[PATCH] D64512: [InstCombine] Dropping redundant masking before left-shift [0/5] (PR42563)

Roman Lebedev via Phabricator via llvm-commits llvm-commits at lists.llvm.org
Tue Jul 16 08:42:48 PDT 2019


lebedev.ri added inline comments.


================
Comment at: llvm/lib/Transforms/InstCombine/InstCombineShifts.cpp:103-104
+  unsigned BitWidth = X->getType()->getScalarSizeInBits();
+  if (!match(SumOfShAmts, m_SpecificInt_ICMP(ICmpInst::Predicate::ICMP_UGE,
+                                             APInt(BitWidth, BitWidth))))
+    return nullptr;
----------------
spatel wrote:
> lebedev.ri wrote:
> > It may be possible to use `SimplifyICmpInst()` here, to catch more cases, may look into that after patchset.
> Using instsimplify like that (or as currently in this patch with SimplifyBinOp) is where we go into the InstCombine gray area of, "Is it worth the cost?"
> 
> With InstSimplify, we're using a potentially expensive/recursive analysis (similar to ValueTracking), and we know that's where InstCombine spends a lot of time. 
> 
> cc'ing @efriedma for further thoughts.
I'm only seeing two big alternatives here:
a) not doing these kind of optimizations at all. i sure hope this isn't the answer :)
b) patternmatch proliferation - basically just reimplement every interesting fold that we'd get via `SimplifyBinOp` in here - code bloat and wasted dev time, i'd rather not.
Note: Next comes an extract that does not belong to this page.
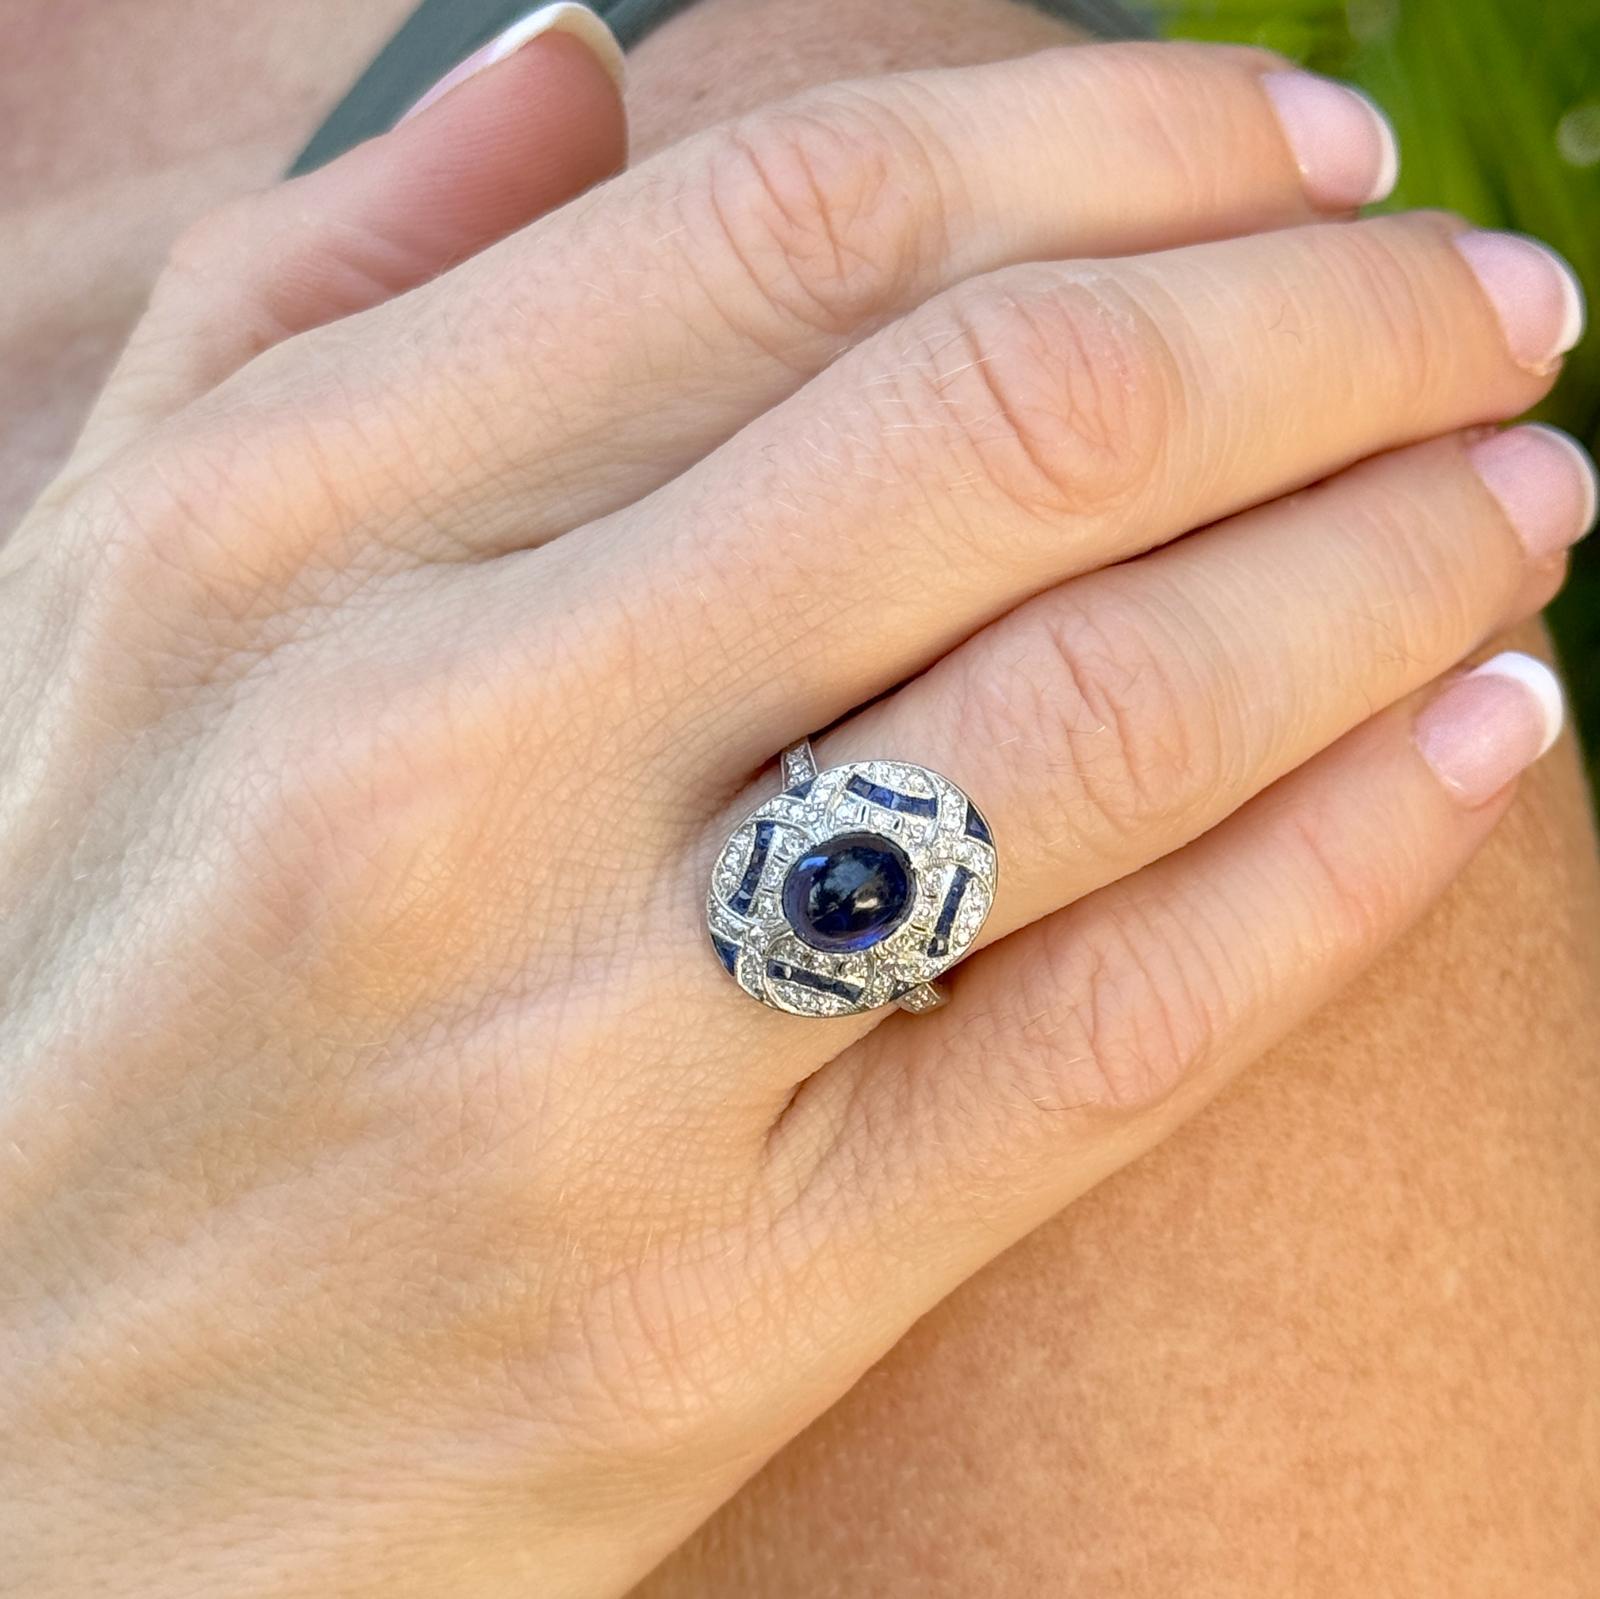 This exquisite cocktail ring epitomizes the elegance of the Art Deco era with its capitavting design. The ring features a stunning approximate 2.00 carat cabochon sapphire as its centerpiece. Encircling the sapphire are 50 single cut sparling

These patterns can come up within bit stream manipulation codepaths (think like `llvm/lib/Bitcode`),
and they may end up being the hotpath, so it's good to not have them there.
I'm not sure i have any numbers at hand, but as a ballpark, in the end with all these shift optimizations
(including those that i didn't do yet), i'm hoping to reclaim* -5%..-25% of runtime.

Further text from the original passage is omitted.